Now that you have a database, here's how to save the data.
def details(product_id): url = 'https://you.163.com/xhr/comment/listByItemByTag.json' try: C_list = [] for i in range(1, 100): query = { "itemId": product_id, "page": i, } res = requests.get(url, params=query).json() if not res['data']['commentList']: break print("Crawl No. %s Page Comments" % i) commentList = res['data']['commentList'] C_list.append(commentList) time.sleep(1) # save to mongoDB try: mongo_collection.insert_many(commentList) except: continue return C_list except: raise
After the final crawl is complete, there are more than 7,000 pieces of data in total. Here you can do some analysis according to your personal needs.
Crawled Data MongoDB Links
conn = MongoClient("mongodb://%s:%s@ds149974.mlab.com:49974/you163" % ('you163', 'you163'))
db = conn.you163
mongo_collection = db.you163
Analysis of commodity review data
Here's the exciting moment, a sister-in-law preference!
Preferred colors
First let's look at the color preferences of the sisters
You can see that black is a far-reaching leader. You have to know what you want here!

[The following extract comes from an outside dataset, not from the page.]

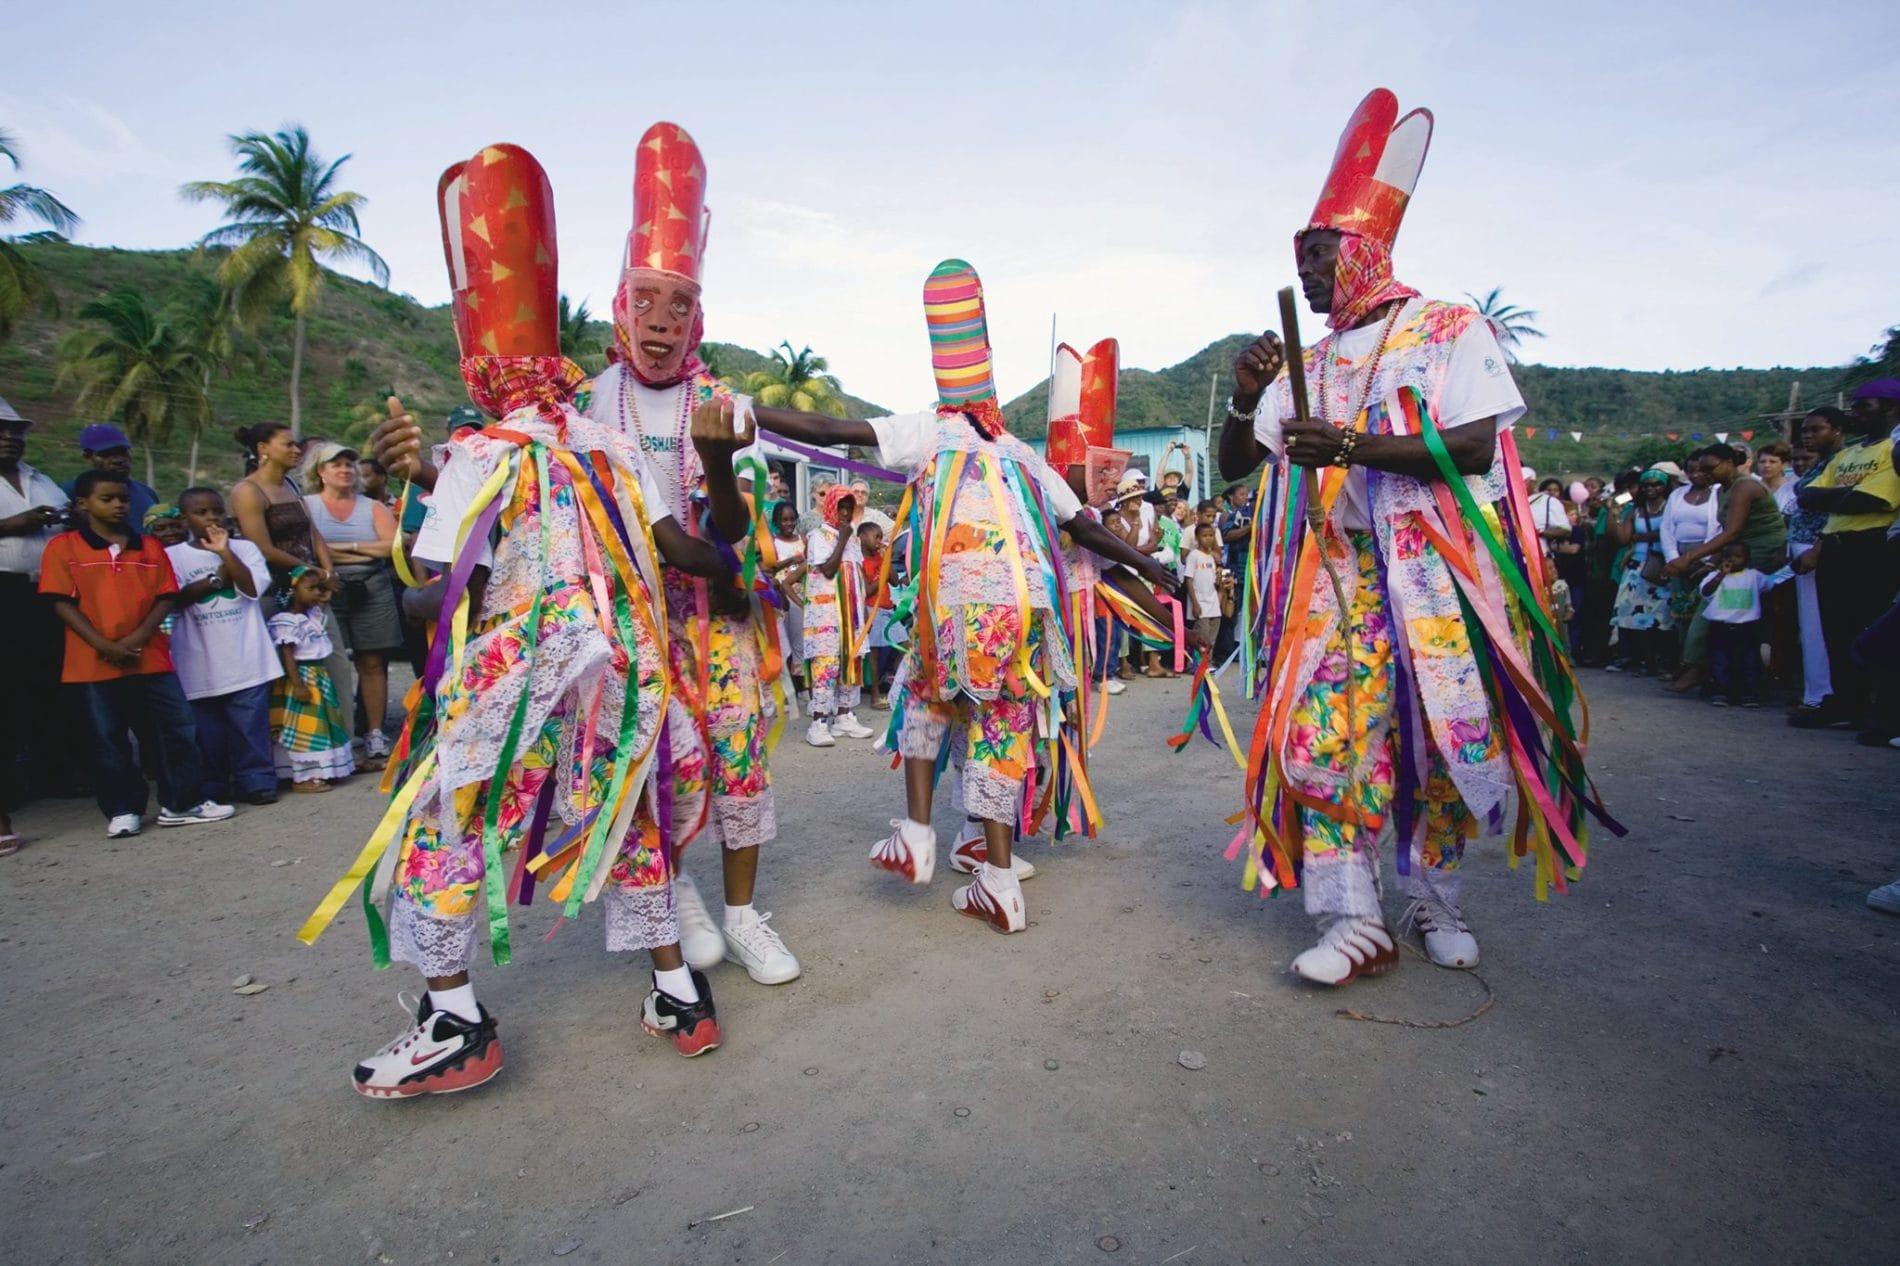 St Patricks Day on Montserrat
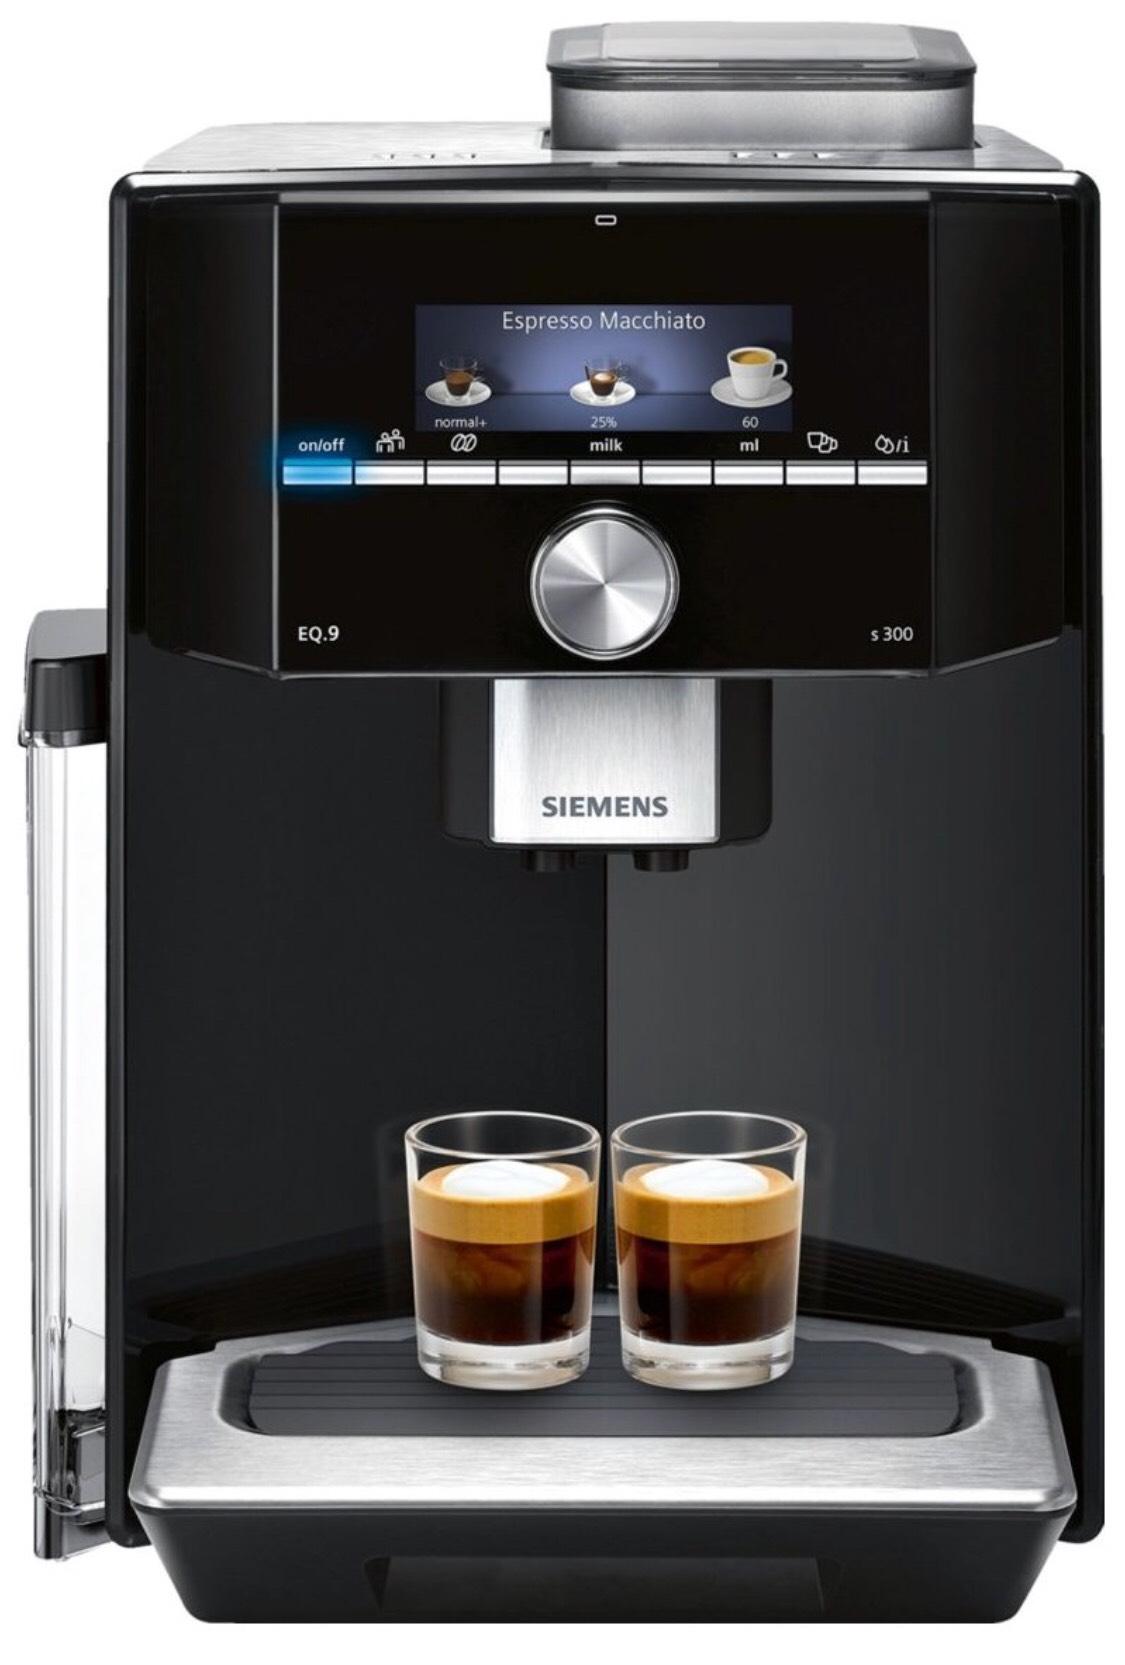 [Lokal Mediamarkt in Oldenburg] Siemens Kaffeevollautomat EQ 9 s300

Then use the pie chart to see the proportion of different colors
So among these colors, does she like you?
size distribution
No problem, 75B is the size of most sisters
It doesn't matter if you haven't studied the size of this cup. I've prepared a checklist for you, so take it away.
Comments on Commodities
Finally, let's take a look at how the sisters rated the goods.
In terms of star rating, most of them are five-star positive comments. After all, the quality must be guaranteed under the name of "strict selection".
Let's see in the comments section, what words would your sister like best to use to describe it?
Comfortable, comfortable, very comfortable; satisfied, very satisfied.
As if they had entered the exaggeration group, it seems that the most important thing for sisters is whether they are comfortable or not. After all, they are close to each other and the quality is the most important!
Okay, after looking at the above analysis, do you feel more motivated to be single?If you already have a soft sister next to you, should you please her next to you?